Genesis 30
Het Boek
De zonen van Jakob
30 Toen Rachel merkte dat zij onvruchtbaar was, werd zij jaloers op Lea. ‘Geef mij kinderen, anders ga ik dood!’ riep zij tegen Jakob. 2 Maar toen werd Jakob boos. ‘Ben ik God soms?’ vroeg hij. ‘Hij is ervoor verantwoordelijk dat jij onvruchtbaar bent!’ 3 Toen zei Rachel tegen hem: ‘Slaap met mijn dienares Bilha, haar kinderen zullen de mijne zijn.’

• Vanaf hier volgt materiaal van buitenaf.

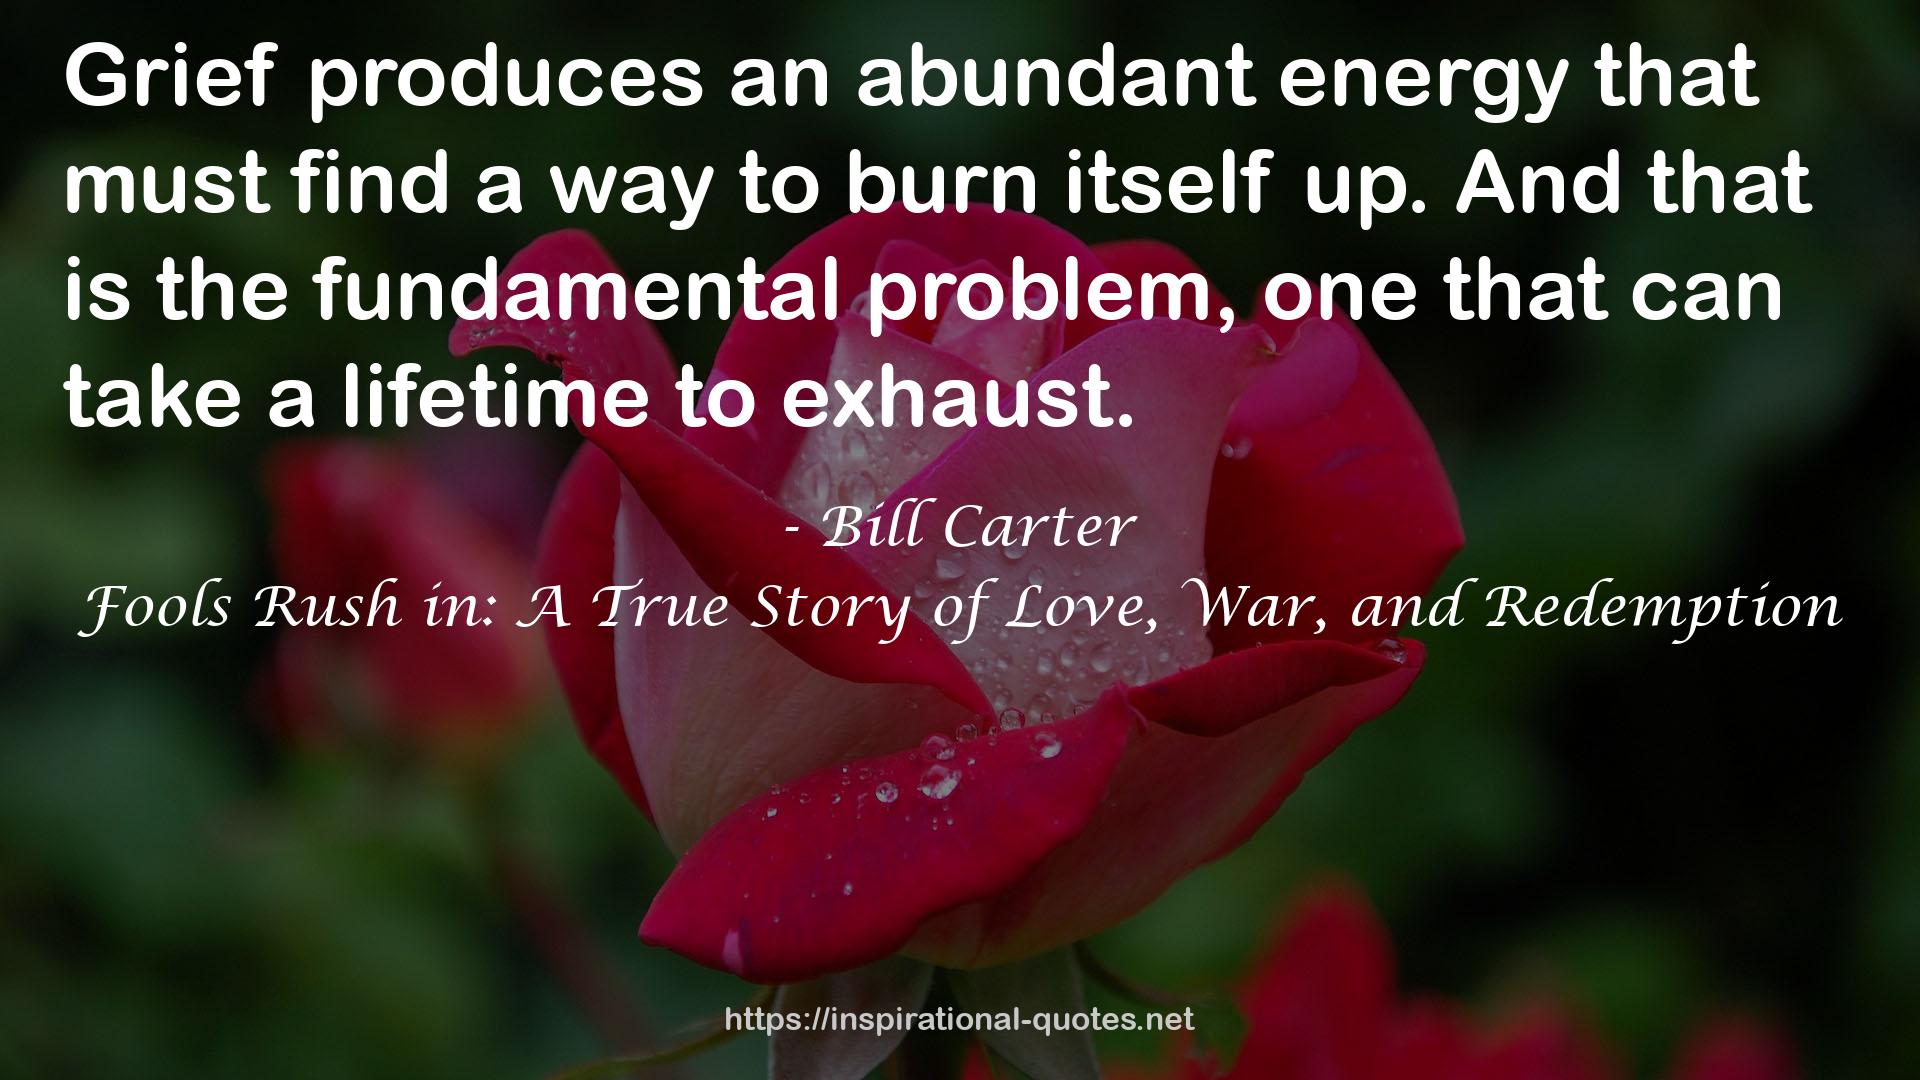 Bill Carter QUOTES

4,5 Zo gaf Rachel hem Bilha als vrouw en hij sliep met haar, zodat zij zwanger werd en een zoon ter wereld bracht. 6 Rachel noemde hem Dan (Gerechtigheid) en zei: ‘God heeft mij recht gedaan. Hij hoorde mijn verzoek en heeft mij een zoon gegeven.’ 7 Toen werd Bilha, Rachels dienares, opnieuw zwanger en gaf Jakob een tweede zoon. 8 Rachel noemde hem Naftali (Mijn worsteling) en zei: ‘Ik ben in gevecht met mijn zuster en ik win!’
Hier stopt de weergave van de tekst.